[infinispan-issues] [JBoss JIRA] Commented: (ISPN-734) Support of atomic accesses to collection values.

Galder Zamarreño (JIRA) jira-events at lists.jboss.org
Thu Nov 25 06:14:00 EST 2010


    [ https://jira.jboss.org/browse/ISPN-734?page=com.atlassian.jira.plugin.system.issuetabpanels:comment-tabpanel&focusedCommentId=12565331#comment-12565331 ] 

Galder Zamarreño commented on ISPN-734:
---------------------------------------

Manik, the problem I see with ConcurrentMap atomic ops when it comes to Collections is the fact that some can be based on comparison, i.e. replace(). So, replace this list A with list B is A is still equals to the one in memory. Once you start dealing with larger lists, this could get quite expensive.

As an example, Redis offers an LPOP operation that return and remove (atomically) the first element of the List at key.

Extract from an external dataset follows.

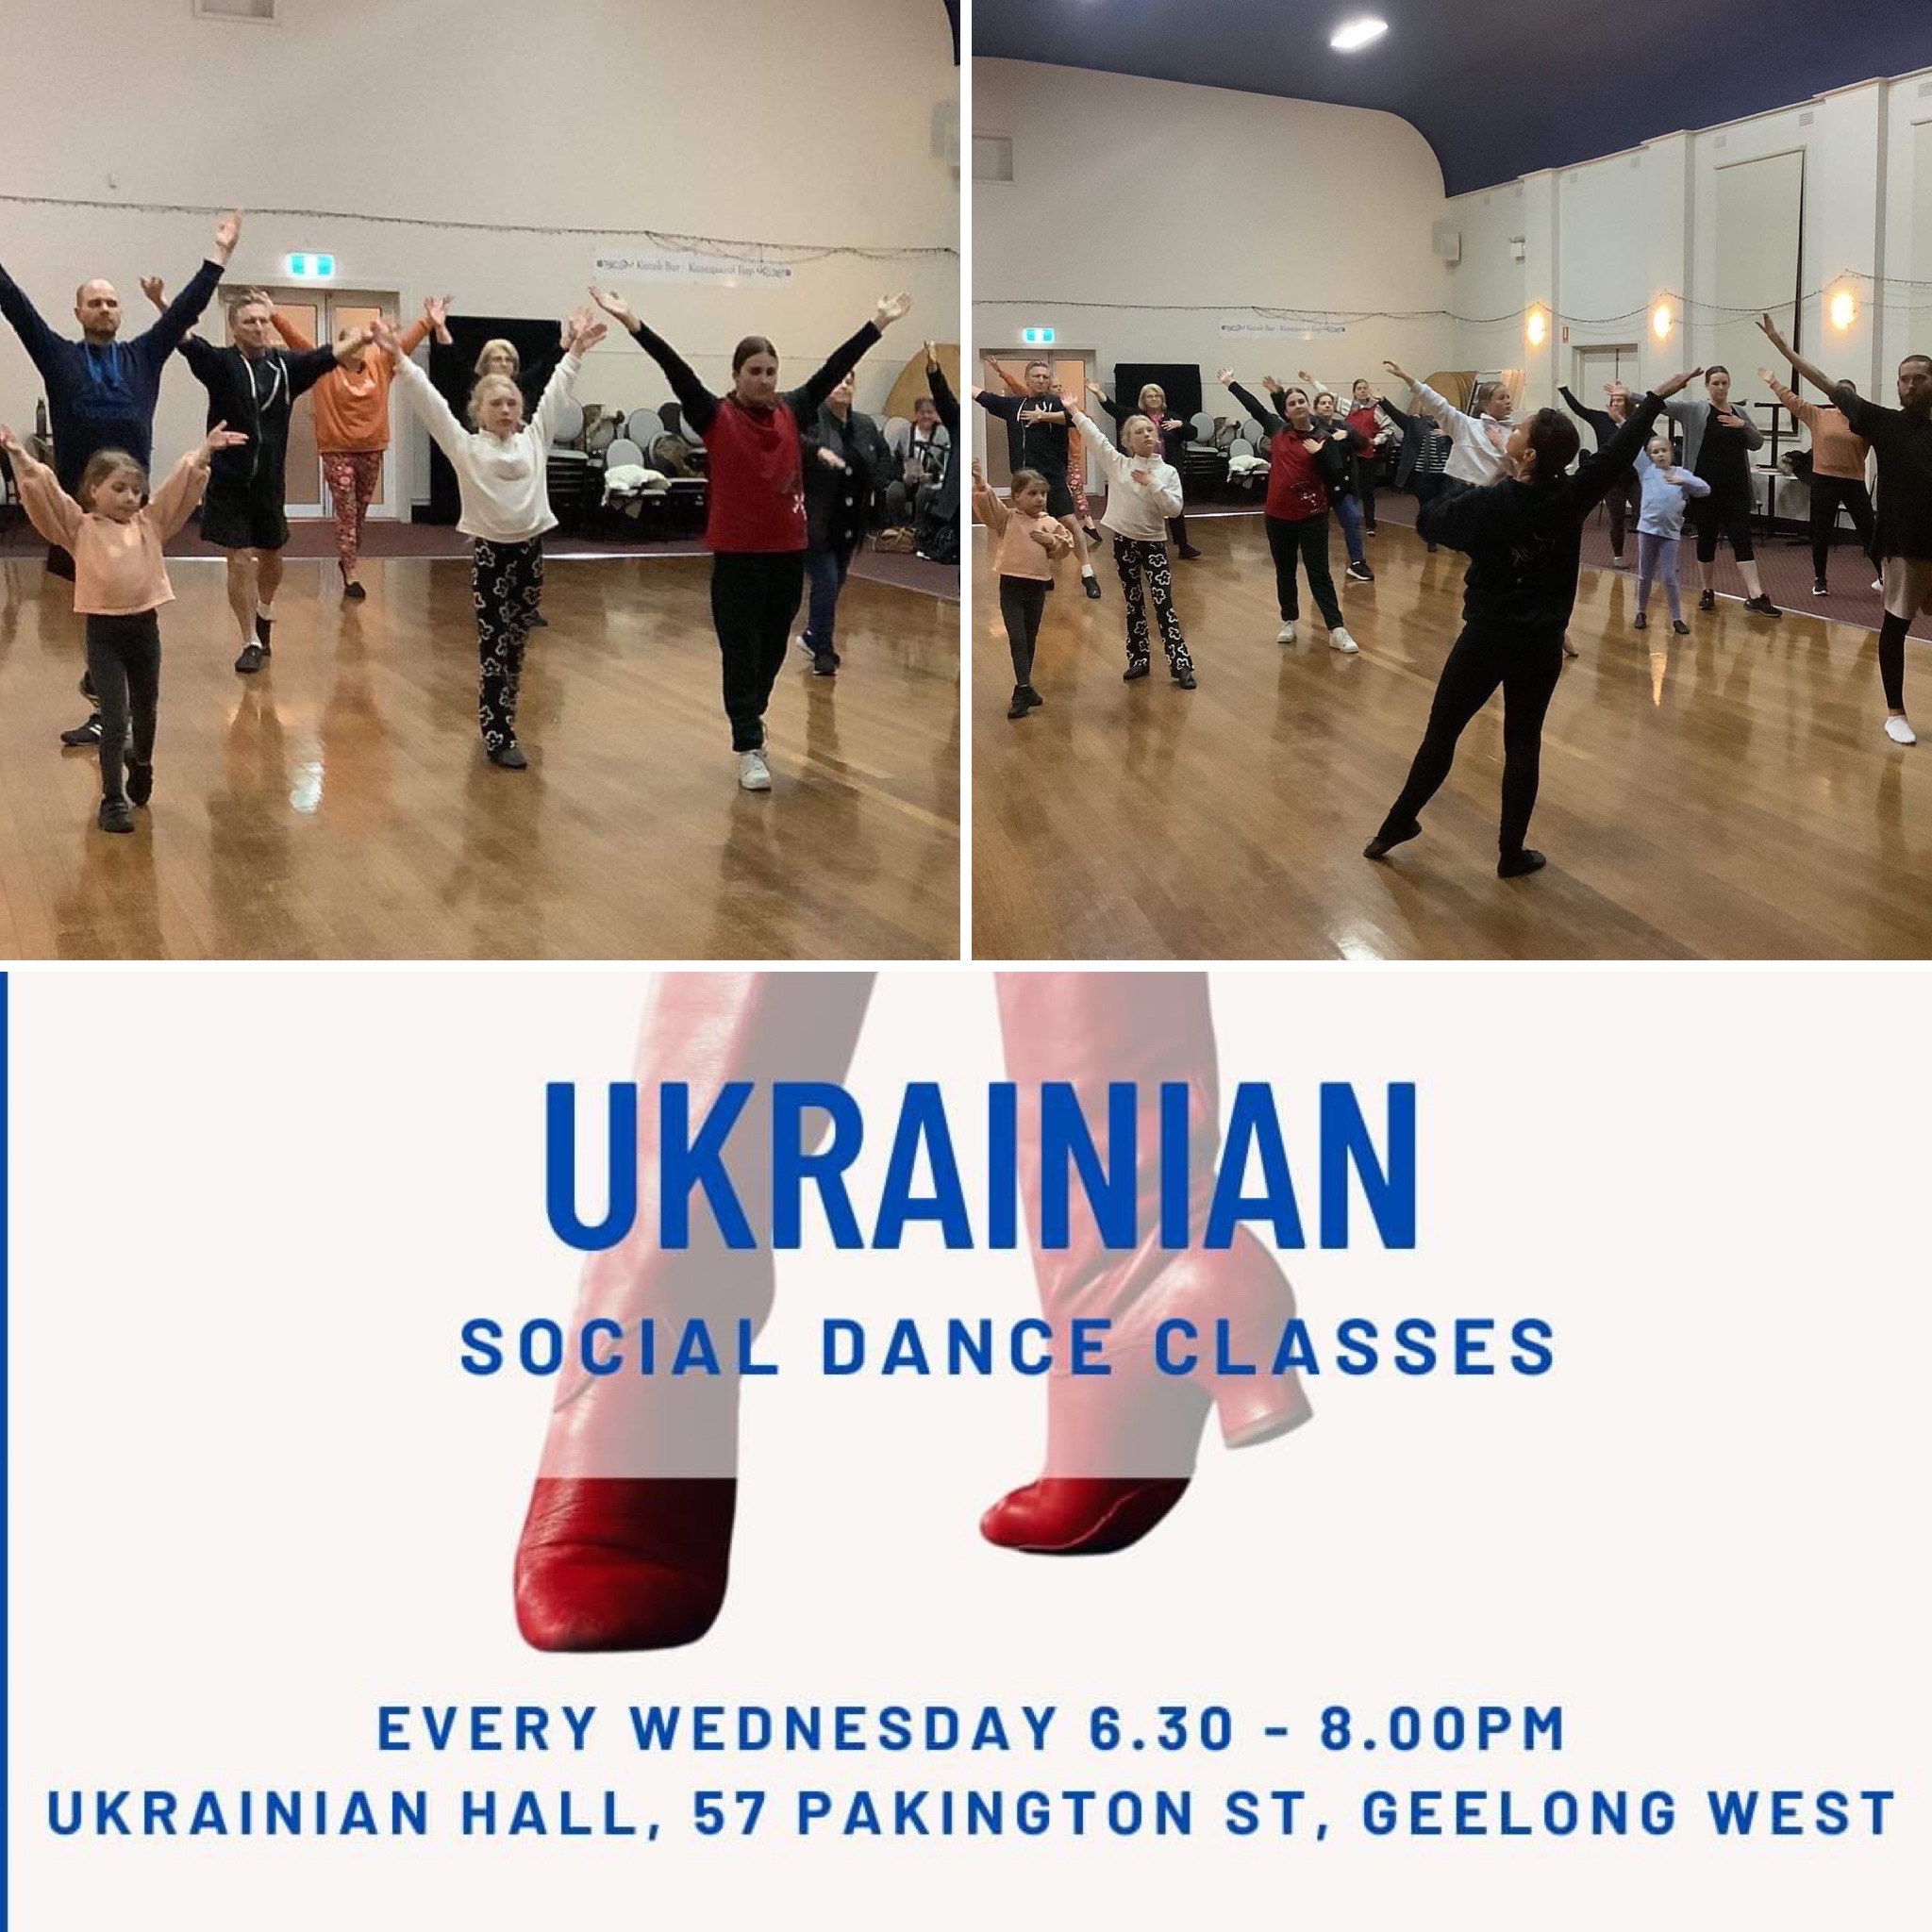 Ukrainian social dance classes

In Infinispan, you'd have to take the remove element of the list, then call conditional replace with the new list and if that succeeds, take element removed. If we offered a Redis operation like this, I wonder if we could provide a more efficient way of doing this. I also think this might be bordering with OGM / old-PojoCache-style like use case.

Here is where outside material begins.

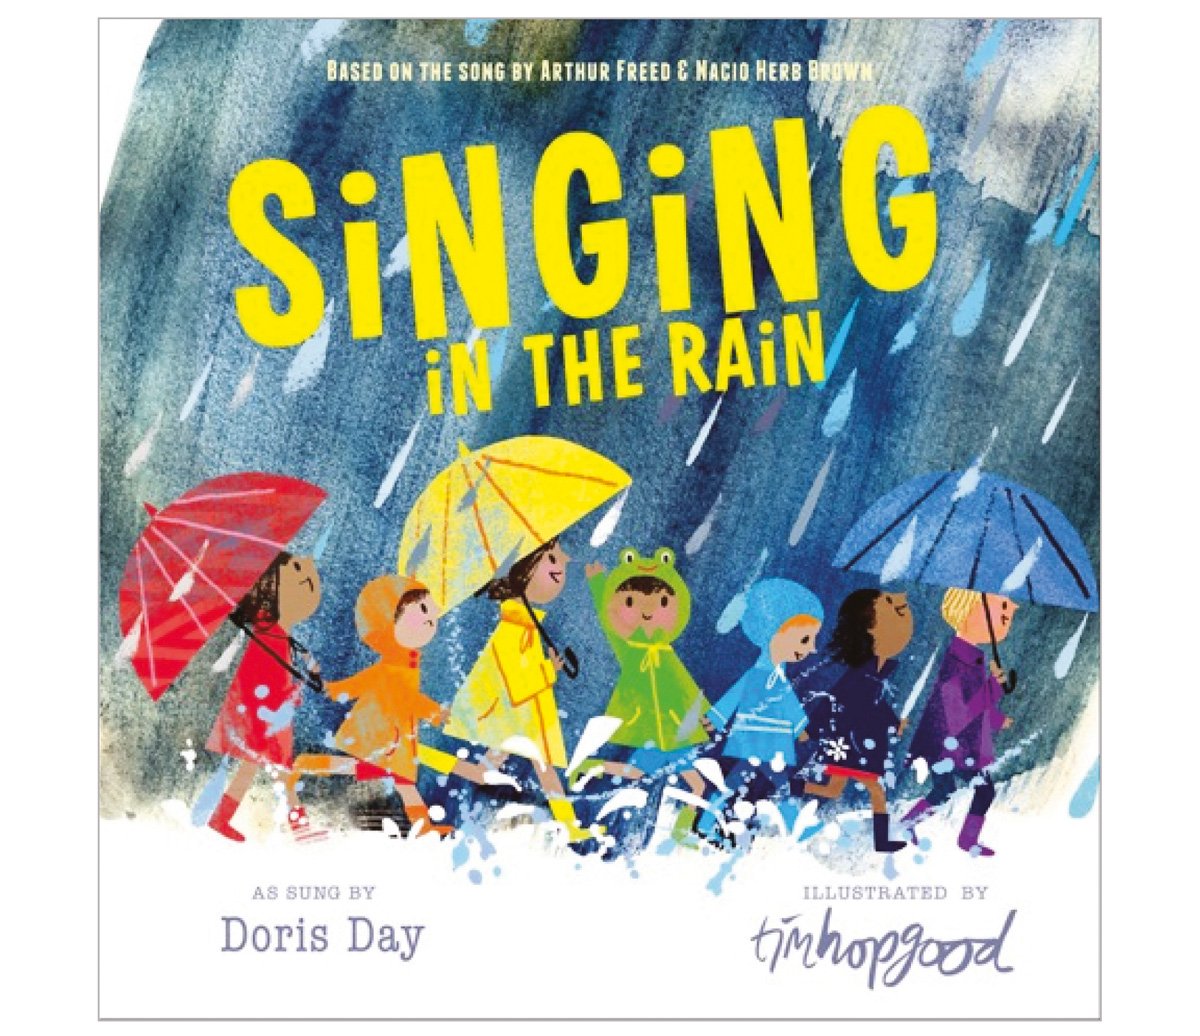 tim-hopgood-singing-in-the-rain-cover-illustration.jpg

> Support of atomic accesses to collection values.
> ------------------------------------------------
>
>                 Key: ISPN-734
>                 URL: https://jira.jboss.org/browse/ISPN-734
>             Project: Infinispan
>          Issue Type: Feature Request
>            Reporter: Tobias Sarnowski
>            Assignee: Manik Surtani
>
> Redis supports atomic access to values of type list and set. It would be great to have a similar functionality in infinispan. It enables infinispan to replace some database architectures completly.
> http://code.google.com/p/redis/
> "Redis is an advanced key-value store. It is similar to memcached but the dataset is not volatile, and values can be strings, exactly like in memcached, but also lists, sets, and ordered sets. All this data types can be manipulated with atomic operations to push/pop elements, add/remove elements, perform server side union, intersection, difference between sets, and so forth."
> I think sorting is not interesting but the atomic collection accesses are.